Logical Puzzles = Perfect Evaluation Vehicle: Clear rules, atomically decomposable steps, and automatically verifiable.
Revealing the "Over-Optimism" Tendency of General Models: Models like GPT-4o default to predicting states as solvable when facing difficult situations, and never backtrack.
Much Higher Discriminative Power than Existing Benchmarks: The o1 vs. Gemini-FT gap is 19.7%, whereas their performance on benchmarks like MATH is close to saturation.
Training Transfer Effectiveness proves that puzzle training can serve as a booster for general reasoning capabilities—analogous to how chess training improves human strategic thinking.

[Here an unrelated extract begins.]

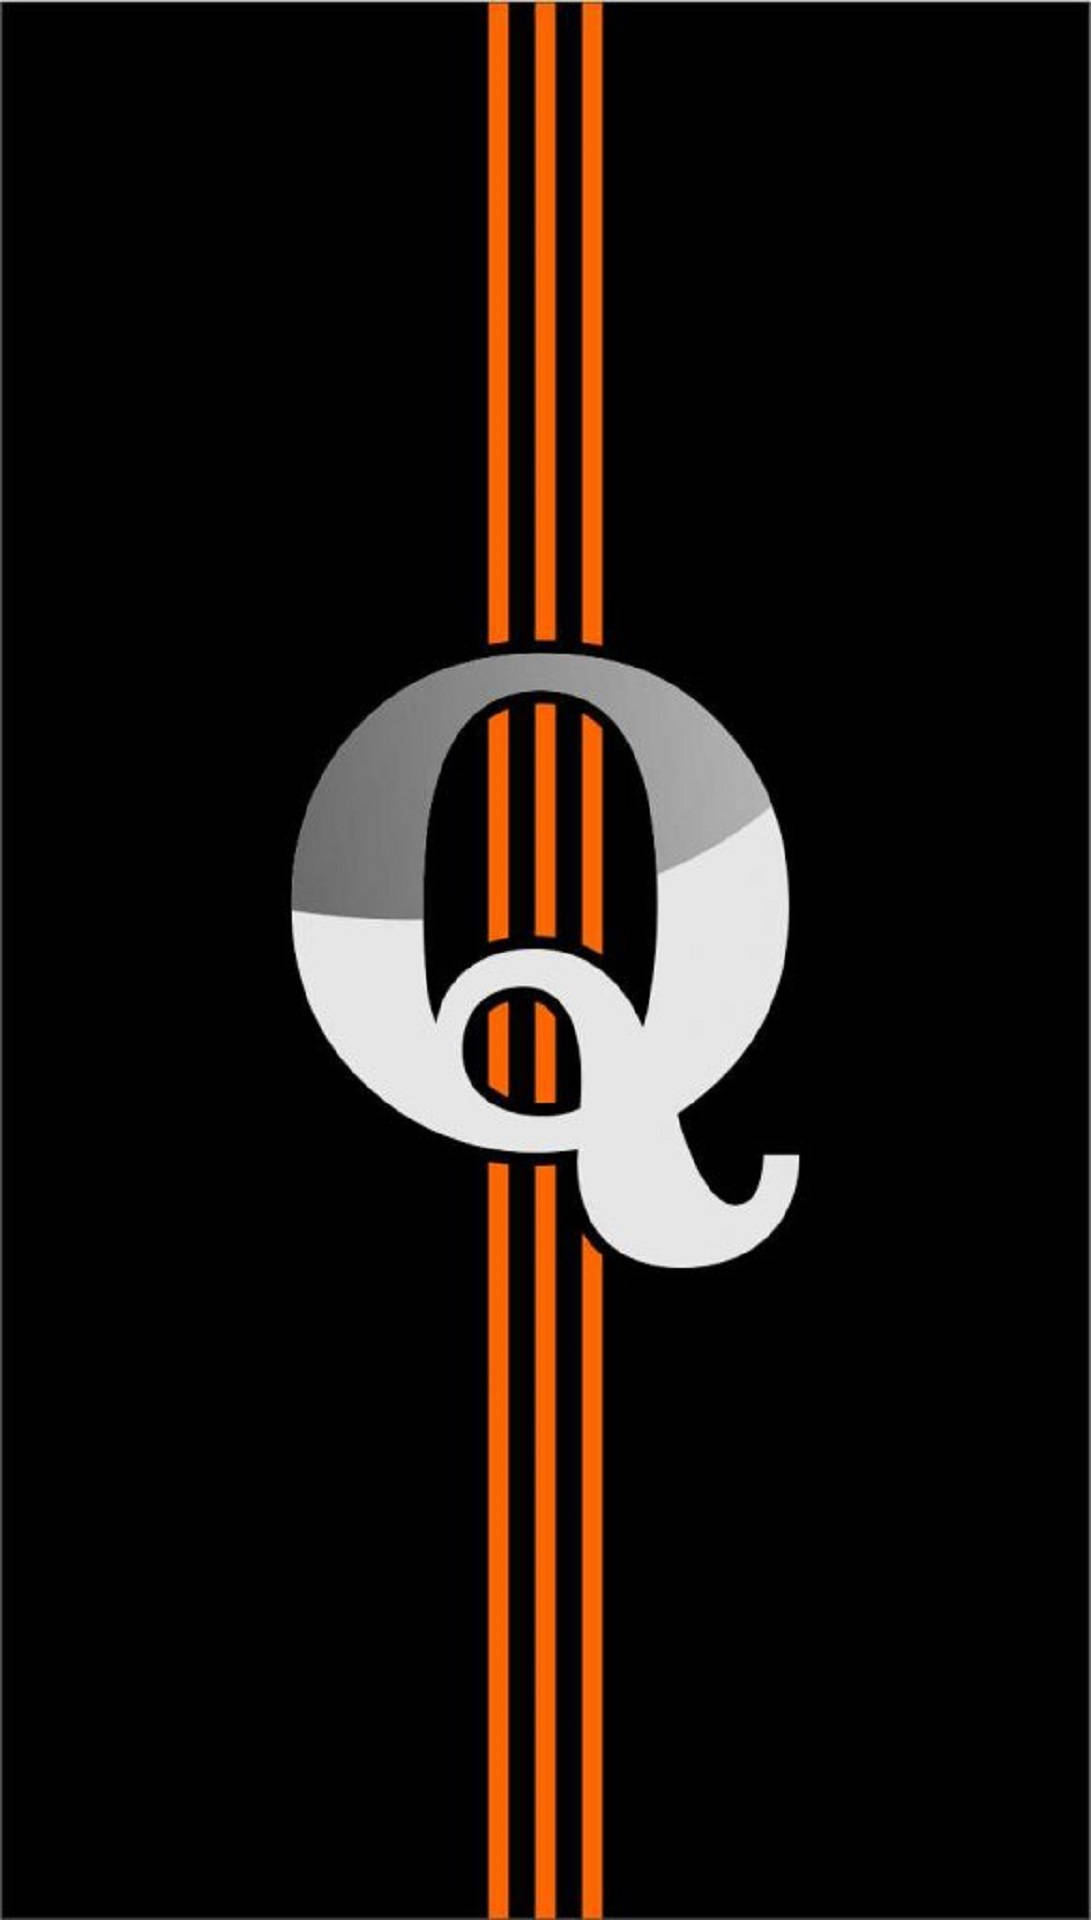 Letter Q With Orange Lines Wallpaper

Limitations & Future Work¶

The four puzzle types are all combinatorial optimization/constraint satisfaction problems, which might not fully represent all reasoning types (e.g., causal reasoning, analogical reasoning).
The "forbid programming" instruction relies on model instruction following; in practice, models might still implicitly leverage algorithms in their memory.
Training transfer experiments were only validated on a 7B model; the effect on larger/smaller models remains unknown.
Converting textual clues to code for logical grid puzzles relies on GPT-4o's one-shot translation + manual verification, limiting scalability.
Performance-stratified analysis for puzzles of different difficulties (e.g., different board sizes, different graph densities) is not discussed.

Reasoning Benchmarks: GSM8K (Cobbe et al., 2021), MATH (Hendrycks et al., 2021), HumanEval (Chen et al., 2021)
Reasoning Models: OpenAI o1 (2024), DeepSeek-R1 (2025), Gemini-2.0-Flash-Thinking (Google, 2024)
Process Reward / Intermediate Step Evaluation: PRM (Lightman et al., 2024)
LLM + Search: Tree-of-Thoughts (Yao et al., 2023)

Rating¶

⭐⭐⭐⭐⭐ (5/5)

This is an outstanding benchmark construction work. The problem definition is clear (from the final answer to the intermediate process), the vehicle choice is ingenious (atomically verifiable nature of logical puzzles), the experimental findings are profound (revealing models' over-optimism and error-correction deficiencies), and the training transfer experiments provide strong evidence that 'puzzle training improves reasoning'. It has significant reference value for understanding and enhancing LLM reasoning capabilities.